The leader of the Chinese delegation spoke fluent Hindi. The Vegetarian Society of Iran was also represented thus proving that Vegetarianism cuts across all religious and racial barriers. I was especially pleased to know that there is a Vegetarian Society of Goa run by Govan Christians. We also did a day tour of Goa and saw how the Portuguese colonial masters lived; we also saw some famous temples and the Church of St. Francis. All the tour guides were young Govan girls and this pattern is repeated everywhere in India—young men and women work in important positions from airports to hotels and there are women pilots on the many plane services that cover the cities of India.
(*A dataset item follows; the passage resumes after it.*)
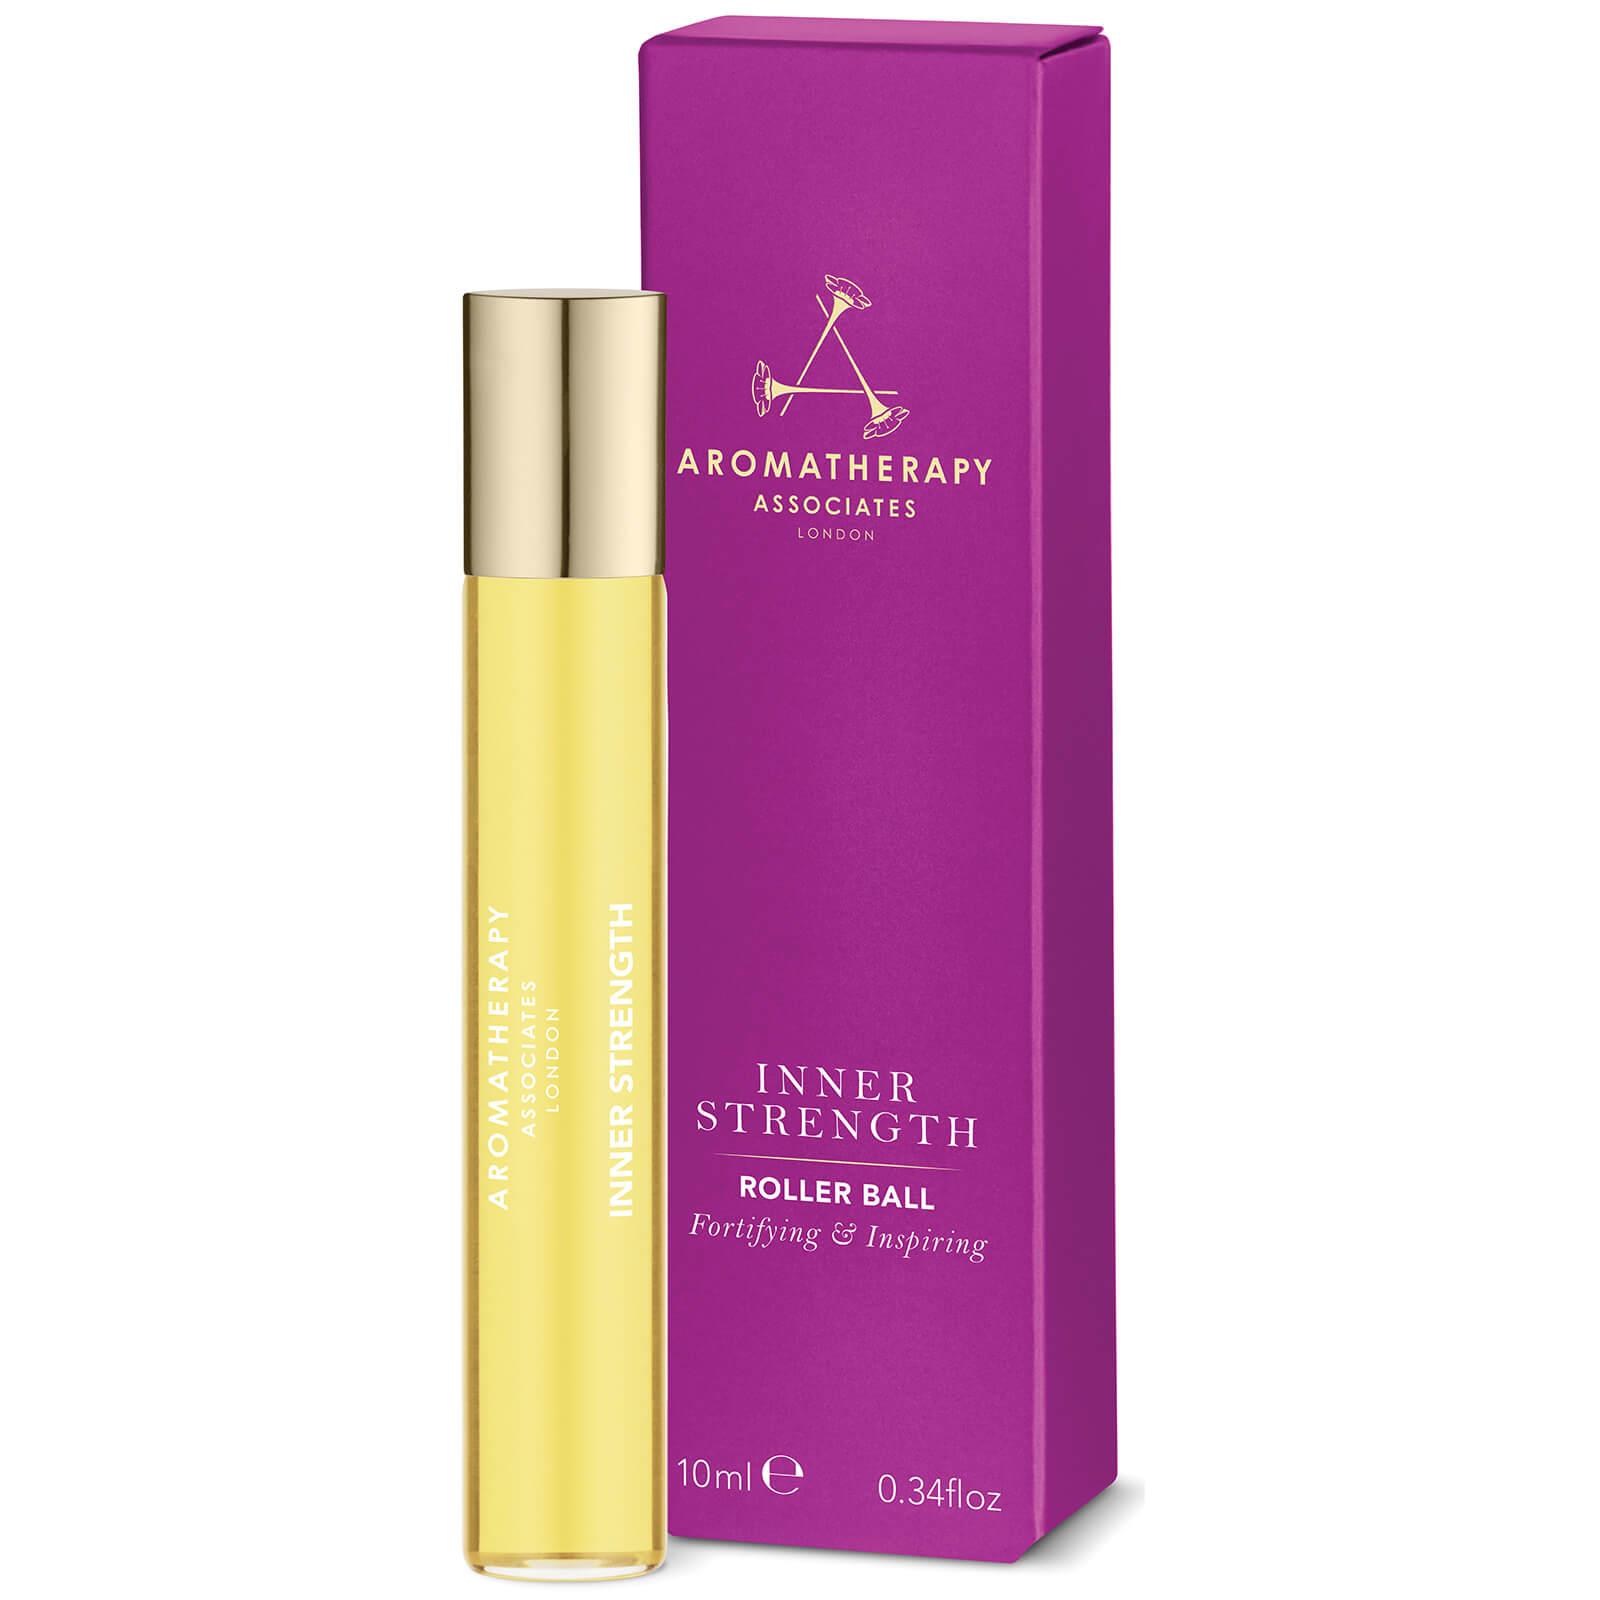 Купить Шариковое парфюмерное средство для восстановления внутреннего баланса Aromatherapy Associates Inner Strength Roller Ball 10 мл

India is giving its young citizens every opportunity to flourish irrespective of caste,confidence young people in India seem to have in their country and their zeal to strive for excellence.
This augurs well for the future of the country. It is so nice to see that Hindus and Christians are living in great harmony in Goa. Alternative medicine and Yoga is very popular in India and many eminent speakers spoke of the benefits of these disciplines. One of the irritants at the conference was the constant going off of mobile phones or cell phones as they call them here! This was despite the fact that repeated requests were made to switch them off!
The overall message from the congress was that to save this planet, to live healthily and to be compassionate towards animals that are at our mercy we have to give up meat eating. The next Vegetarian Congress will be held in 2008 in Dresden Germany. The first congress was held there a hundred years ago and it will be wonderful to be in the city where it all started and it is hoped that all the delegates will be dressed in the same way as they did a hundred
years ago for one evening. That means I will have to dress as Gandhiji and wear a Dhoti!